The company conceptualised its offline foray last year after the acquisition of tutorial chain Aakash Education Services for an estimated cash-and-stock deal worth $950 million.

It has already launched 80 offline centres across 23 cities and is looking to scale that up to 500 centres across 200 cities this year.

“A lot of parents felt that their child should also get access to offline centres and physical intervention. Hence, we decided to expand offline through ‘Byju’s Tuition Centre’ which will imbibe an omni-channel learning strategy,” Mrinal Mohit, chief operating officer of Byju’s, told.

These centres will be equipped with high-quality online learning material, analytics-led assessment and will combine the presence of physical teachers to improve learning outcomes, he said. Each centre is expected to have an average strength of 30-40 teachers, which Byju’s will hire and train, he added.

The centres will also equip students with tablets to take assessments and courses online.

Byju’s, which was last valued at $21 billion, is looking to onboard close to 3,000-4,000 new teachers for its tuition centres over the course of this year.

Including teaching staff, Byju’s is aiming to add 10,000 individuals to run these 500 centres.

It is also targeting a base of over one million students for its offline-led learning play over the next 24 months.

While these centres will predominantly focus on learning around mathematics and science, it will also offer students holistic development through counselling and Olympiads.

The courses that Byju’s will offer at its tuition centre will be priced in the range of Rs 3,000 to Rs 3,500 monthly, the company said.

Learnings from Aakash

After the acquisition of Aakash in April 2021, Byju’s has taken its learnings and implemented it for its offline-learning model.

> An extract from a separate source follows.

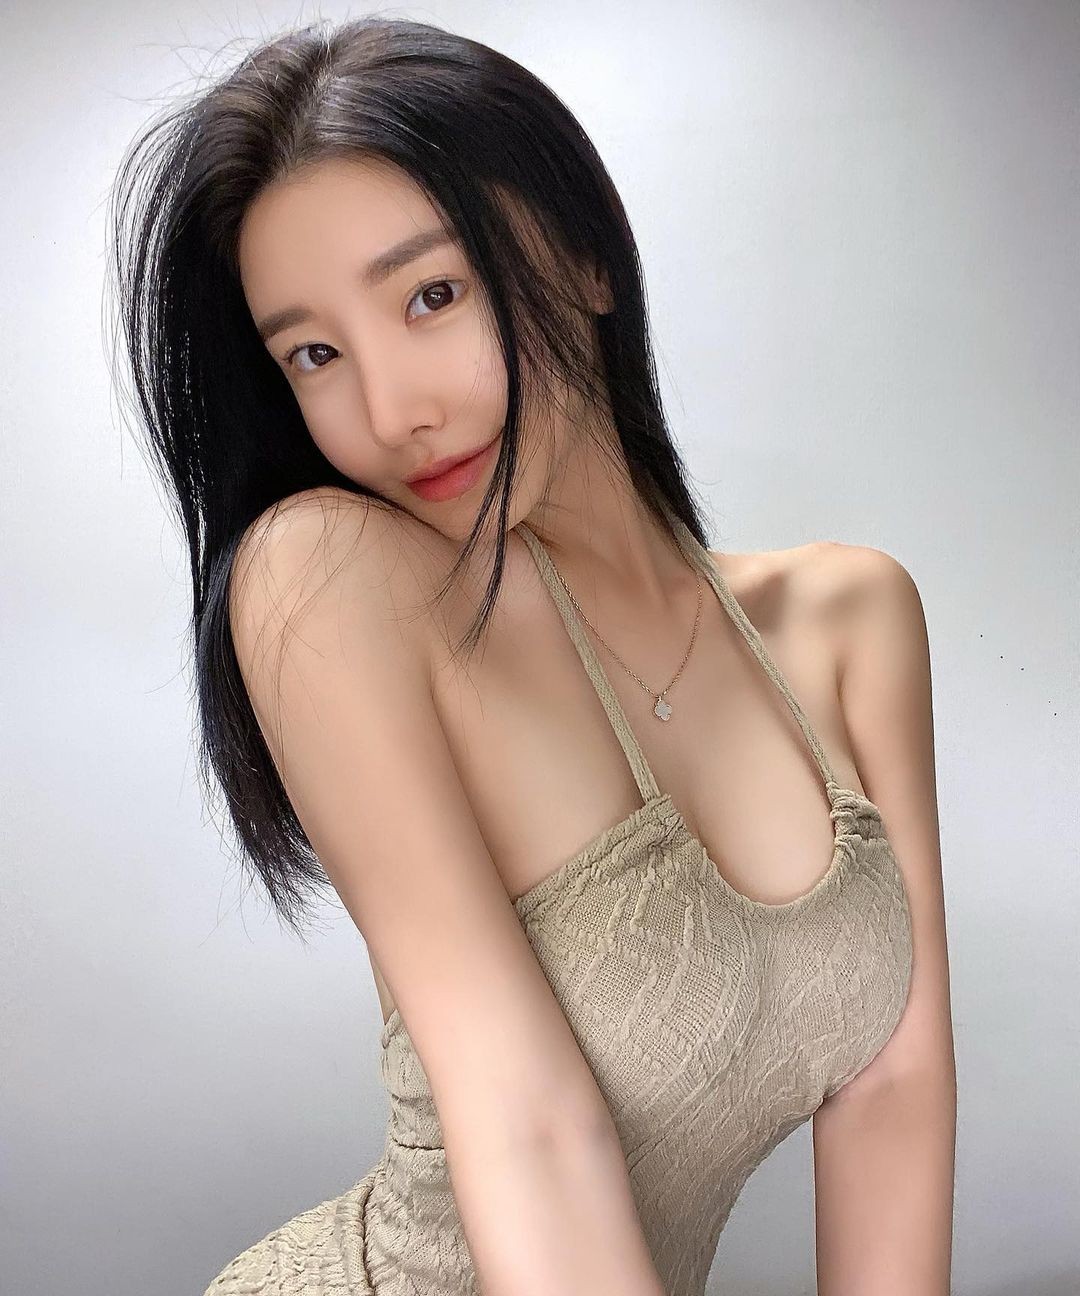 韩国清纯美女이재福利图欣赏 吊带背心下的好身材

“We have picked up from the hybrid learning model adopted by Aakash during Covid-19, and borrowed bits from how they structure their courses, customer learnings as well as how to drive student engagement in physical classrooms. We have also tried to understand compliances, best operation practices as well as marketing activities for scaling our physical centres,” said Himanshu Bajaj, head of Byju’s Tuition Centre, who joined the company in November last year.

Bajaj added that the company currently has no plans to enter the competitive test preparation segment offline, or target students above grade 10 – areas which are largely covered by Aakash’s offerings.

The company will, however, look to integrate some of its acquisitions, made over the course of last year, on to its offline tuition centres.

Currently, Byju’s is gearing up for its international public listing this year.

The firm is said to be exploring the Special Purpose Acquisition Company (SPAC) route and is in negotiations with at least three such routes including Michael Klein’s Churchill Capital and Michael Dell’s MSD Acquisition Corp, Bloomberg reported last month.

The company raised $1.2 billion in debt in November last year for acquisitions.

Byju’s had made close to nine acquisitions last year, including upskilling platform Great Learning and test preparation platform Toppr.

It also acquired children’s reading platform, Epic and code-learning website, Tynker to fortify its presence in the US market.